Ricordiamo che la prima puntata di questa lotta è avvenuta ad inizio marzo. Ci sono state evoluzioni dopo il 5? “Malgrado lo sciopero effettuato il 4 e 5 marzo abbia offerto un segnale di assoluta compattezza della categoria a sostegno della vertenza avviata, il muro di silenzio offerto dai Ministeri dei Trasporti e dello sviluppo economico ha dato qualche piccolo segnale di cedimento solo dopo la proclamazione di quello che sta per prendere inizio questa notte alle 24.00. Con due comunicazioni, poco comprensibilmente distinte e separate, giunte dai due Ministeri compenti lo scorso 25 marzo, le Organizzazioni di categoria dei gestori sono state convocate per il 26 marzo al Mit e per domani 31 marzo alle 17.30 – vale a dire quando lo sciopero sarà già nel pieno del suo primo giorno – presso il Mise. Di quello al Mit abbiamo già avuto modo di dire pubblicamente che ha deluso ogni aspettativa per la mancanza assoluta di alcuna risposta. Non rimane che verificare se domani al Mise ci saranno le condizioni per avviare un confronto serio e capace di affrontare concretamente le questioni denunciate. Intanto, però, questa mattina le Organizzazioni di categoria hanno depositato presso il TAR del Lazio un ricorso teso a impugnare l’Atto di indirizzo che Mit e Mise di concerto hanno recentemente emanato in materia autostradale”.

Purtroppo, manifestazioni come quelle dei prossimi giorni vengono spesso interpretate solo come disagio e fonte di lamentele ma cosa c’è dietro? Quale sarebbe un modo per supportare i benzinai, pur non facendo parte della categoria? C’è qualche modo per sensibilizzare il pubblico?

Senza alcuna volontà polemica, varrebbe la pena dire che i “non addetti ai lavori”, in modo particolare i cittadini, rischiano di interpretare tutto questo come un “disagio” soltanto perché in questo modo queste iniziative vengono presentate.”
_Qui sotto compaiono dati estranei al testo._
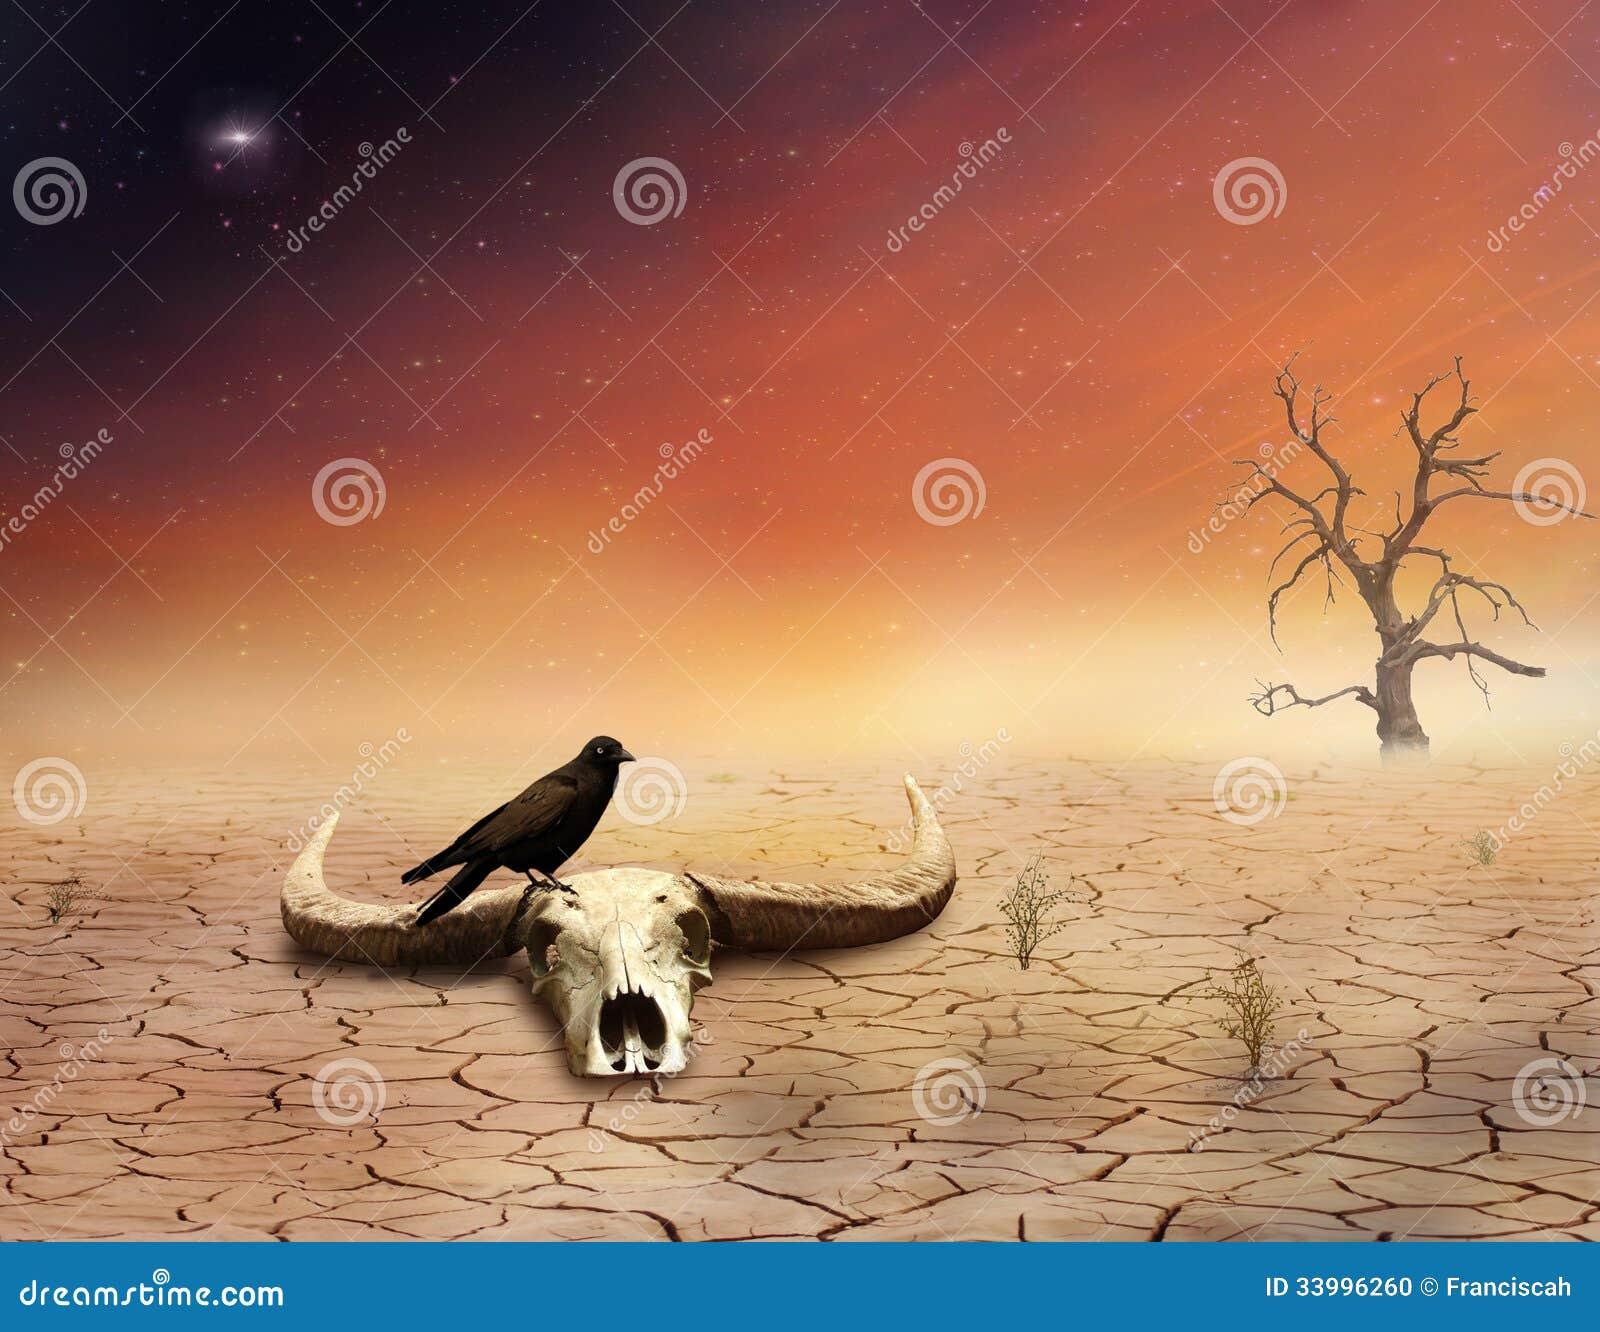 cow skull and desert - photo #20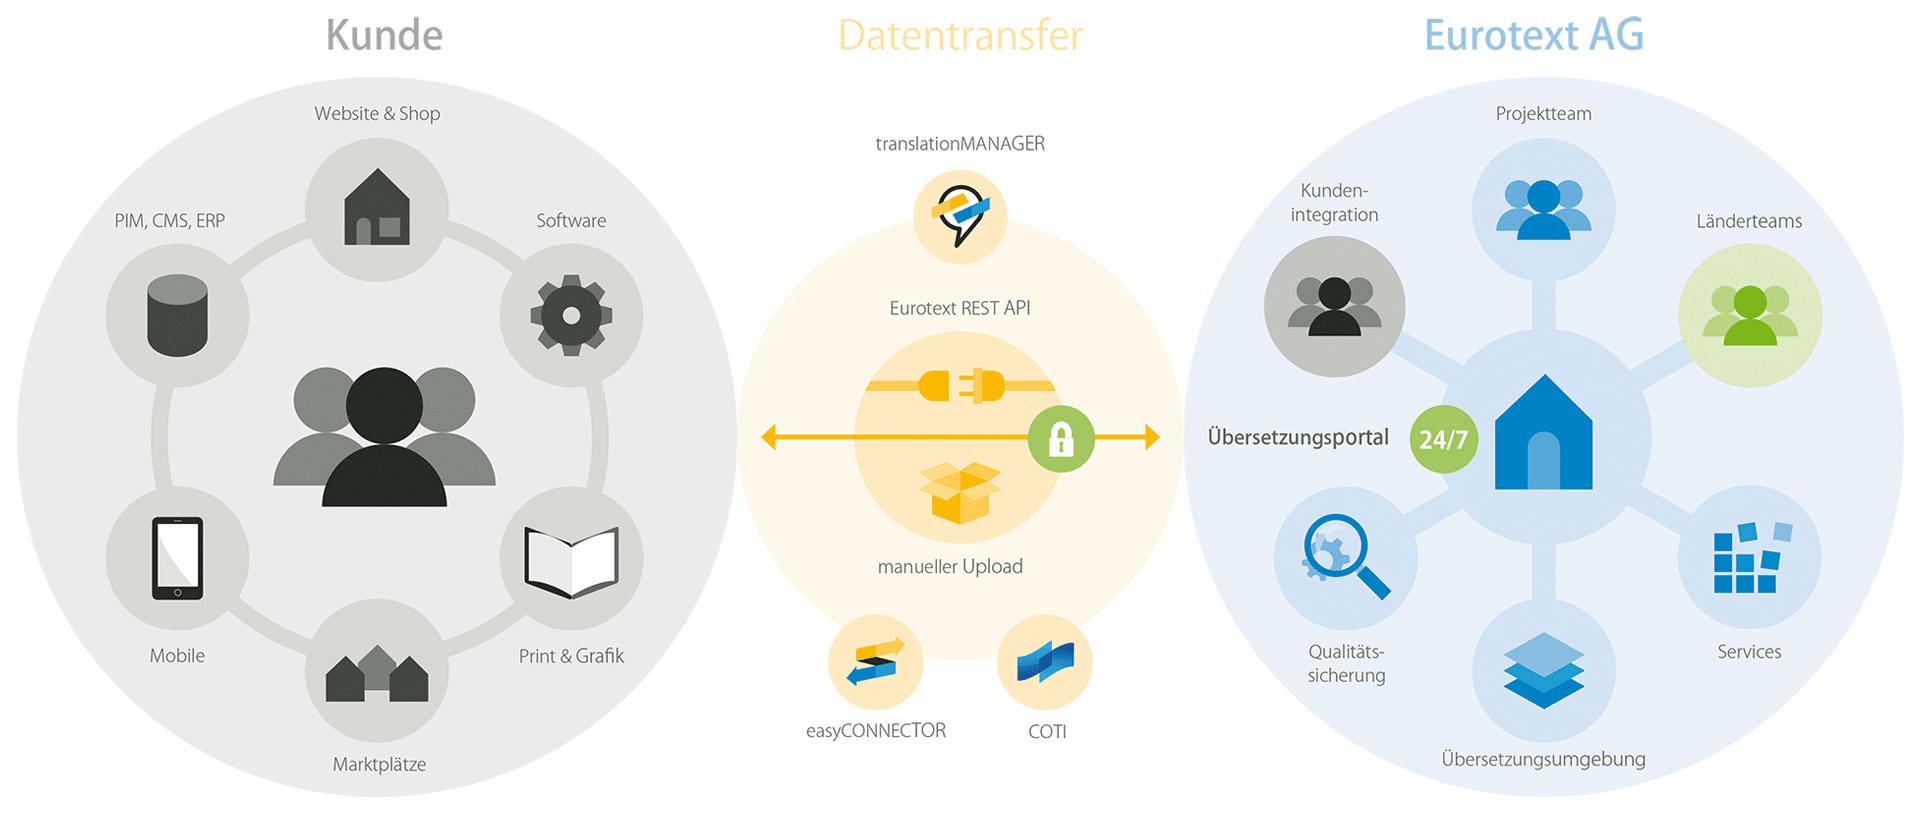 Eurotext-Workflow

“Pare quasi un “vezzo” giornalistico che però nasconde l’esigenza di “semplificare” il messaggio: diventa perciò più semplice concentrarsi sul dito, piuttosto che sforzarsi di guardare la luna che quel dito vorrebbe faticosamente indicare all’attenzione. Si perde in questo modo la possibilità per i cittadini di conoscere quale utilizzo perverso e per molti versi illegittimo si fa del “bene pubblico” ai loro stessi danni e quali responsabilità, anche politiche, rendano tutto questo possibile e persino “normale”. Peccato! Anche perché per evitare in gran parte quanto avviene (non solo in “autostrada”) sarebbe necessario, se non del tutto sufficiente, darne informazione e pubblicità. È questo “supporto” che certi soggetti temono più di molte altre conseguenze. Ed è per questo che vi ringraziamo dell’attenzione che ci avete voluto riservare”.